🎯 Performance Estimates for Lai’s 2011 Benchmark#

This notebook showcases the use of our precision and recall performance estimators in application to Lai’s 2011 benchmark dataset.

Note that Lai’s 2011 dataset only covers patents granted before 2010. As such, we can only estimate the performance of the current disambiguation algorithm for this time period.

The sampling process assumed for Lai’s 2011 benchmark is a uniform sample of inventors. This is because inventors from this benchmark were identified from a set of CVs (not from sampling individual patents, which would bias towards large clusters).

Data Preparation#

First we import required modules and recover the current disambiguation from rawinventor.tsv. The current disambiguation is filtered to only contain inventor mentions for granted patents between 1975 and 2010.

import pandas as pd
import numpy as np
import wget
import zipfile
import os

if not os.path.isfile("rawinventor.tsv"):
    wget.download("https://s3.amazonaws.com/data.patentsview.org/download/rawinventor.tsv.zip")
    with zipfile.ZipFile("rawinventor.tsv.zip", 'r') as zip_ref:
        zip_ref.extractall(".")
    os.remove("rawinventor.tsv.zip")

if not os.path.isfile("patent.tsv"):
    wget.download("https://s3.amazonaws.com/data.patentsview.org/download/patent.tsv.zip")
    with zipfile.ZipFile("patent.tsv.zip", 'r') as zip_ref:
        zip_ref.extractall(".")
    os.remove("patent.tsv.zip")

patent = pd.read_csv("patent.tsv", sep="\t", dtype=str, usecols=["id", "date"])
rawinventor = pd.read_csv("rawinventor.tsv", sep="\t", dtype=str, usecols=["patent_id", "sequence", "inventor_id"])

date = pd.DatetimeIndex(patent.date)
patent["date"] = date.year.astype(int)
joined = rawinventor.merge(patent, left_on="patent_id", right_on="id", how="left")

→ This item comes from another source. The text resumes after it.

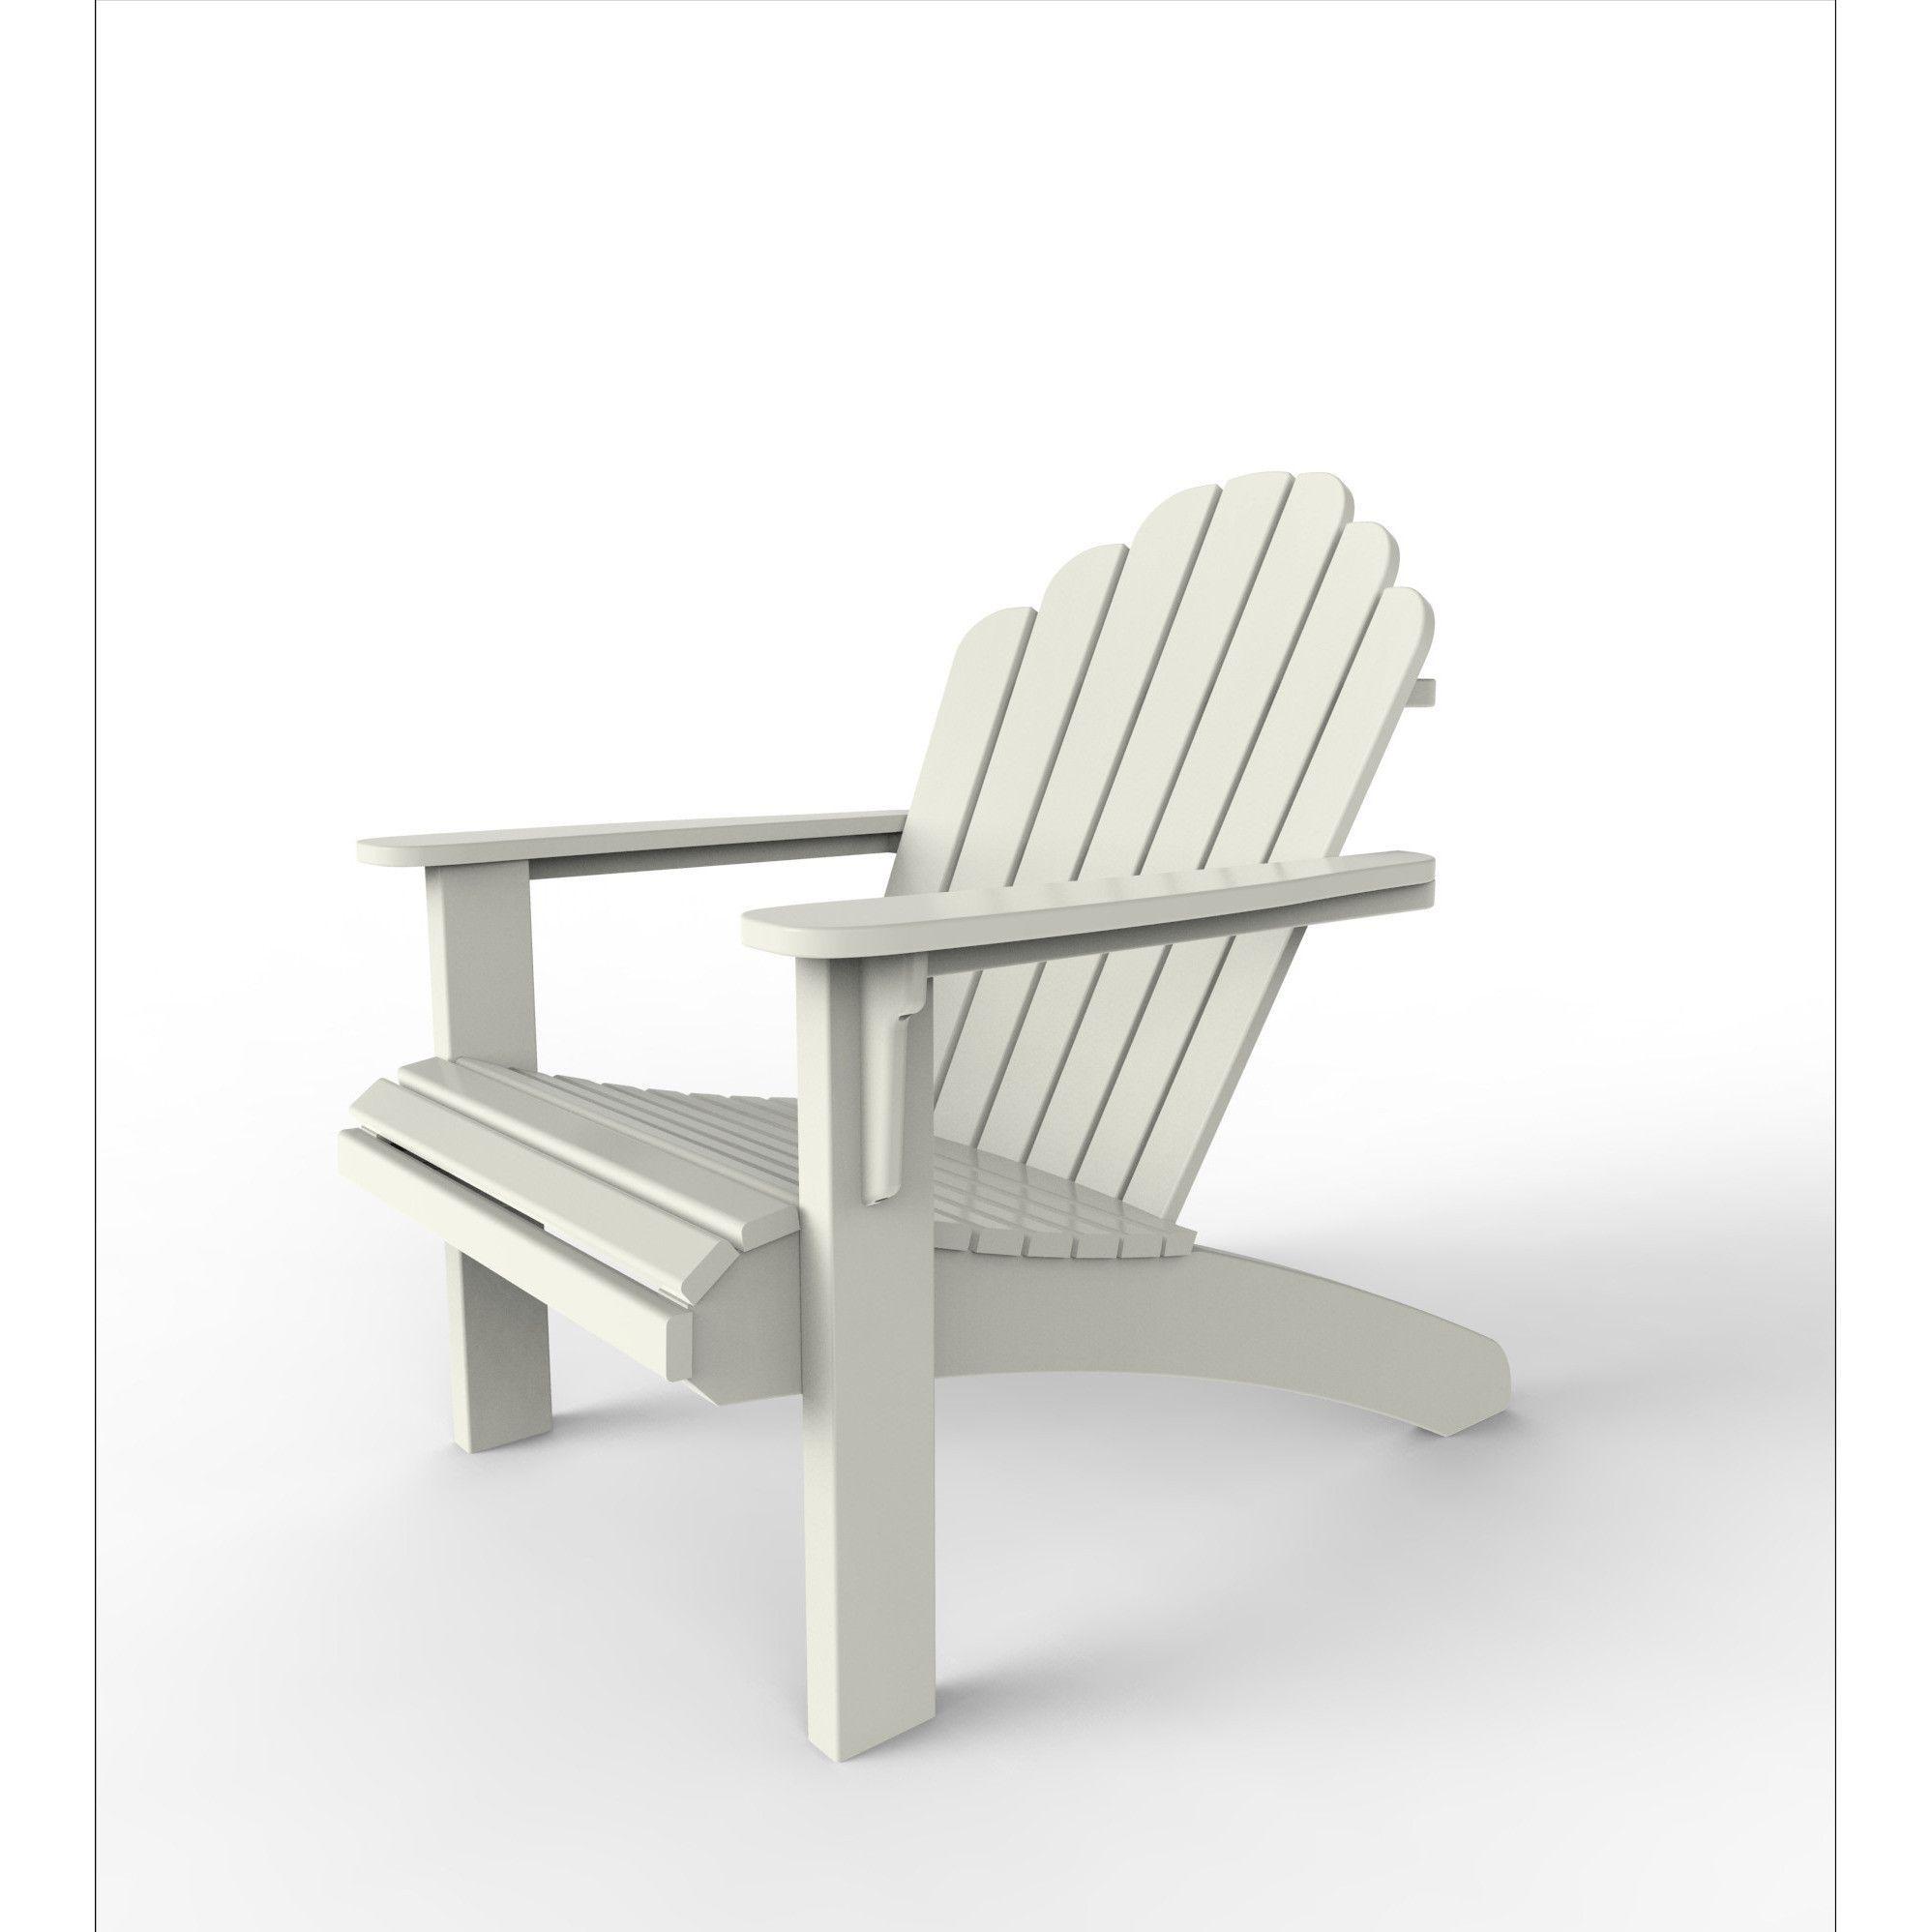 Cool-Living Adirondack Chair White

joined["mention_id"] = "US" + joined.patent_id + "-" + joined.sequence
joined = joined.query('date >= 1975 and date <= 2010')
current_disambiguation = joined.set_index("mention_id")["inventor_id"]

Precision and Recall Estimates#

We can now estimate precision and recall with uniform probability weights.

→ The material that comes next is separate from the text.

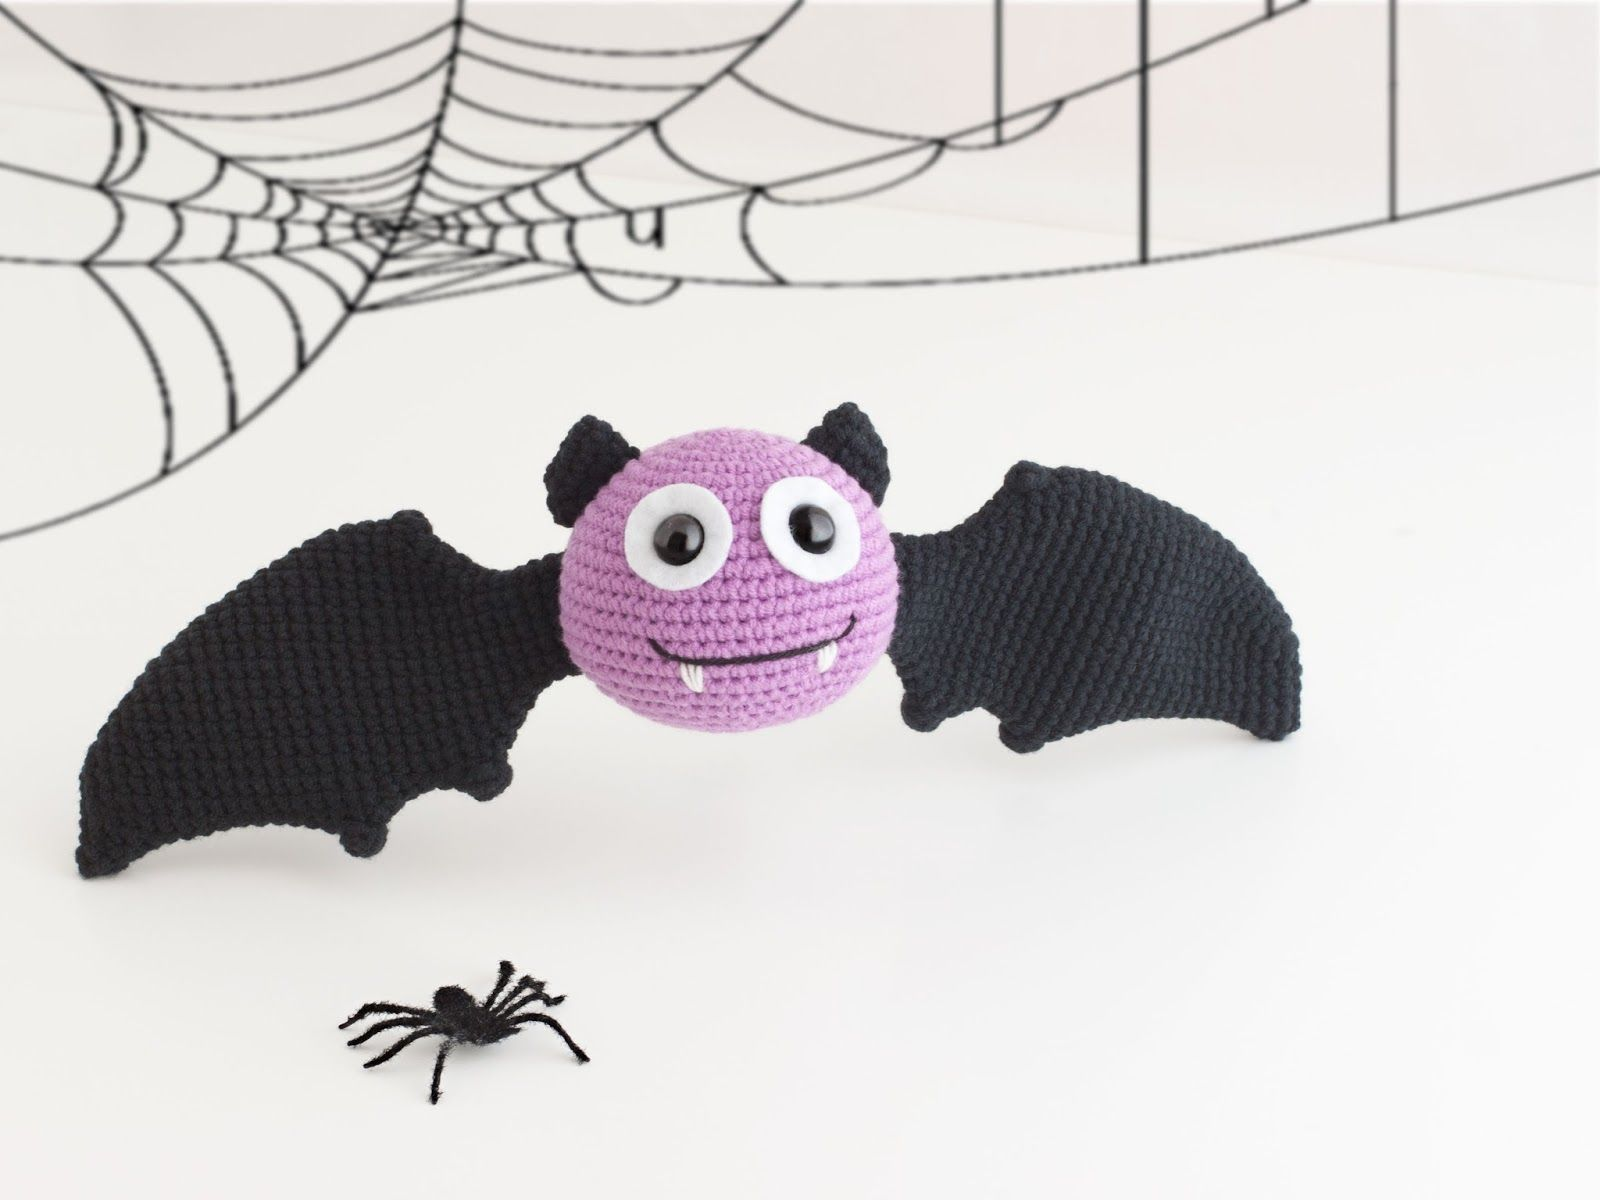 Amigurumi Halloween Free : Amigurumi bat free crochet pattern tutorial in english

from er_evaluation.estimators import pairwise_precision_design_estimate, pairwise_recall_design_estimate
from pv_evaluation.benchmark import load_lai_2011_inventors_benchmark

Precision estimate and standard deviation:

pairwise_precision_design_estimate(current_disambiguation, load_lai_2011_inventors_benchmark(), weights=pd.Series(1, index=load_lai_2011_inventors_benchmark().unique()))

(0.9061700591403344, 0.02694415809739732)

Recall estimate and standard deviation:

pairwise_recall_design_estimate(current_disambiguation, load_lai_2011_inventors_benchmark(), weights=pd.Series(1, index=load_lai_2011_inventors_benchmark().unique()))

(0.9096034933749487, 0.05017639288406865)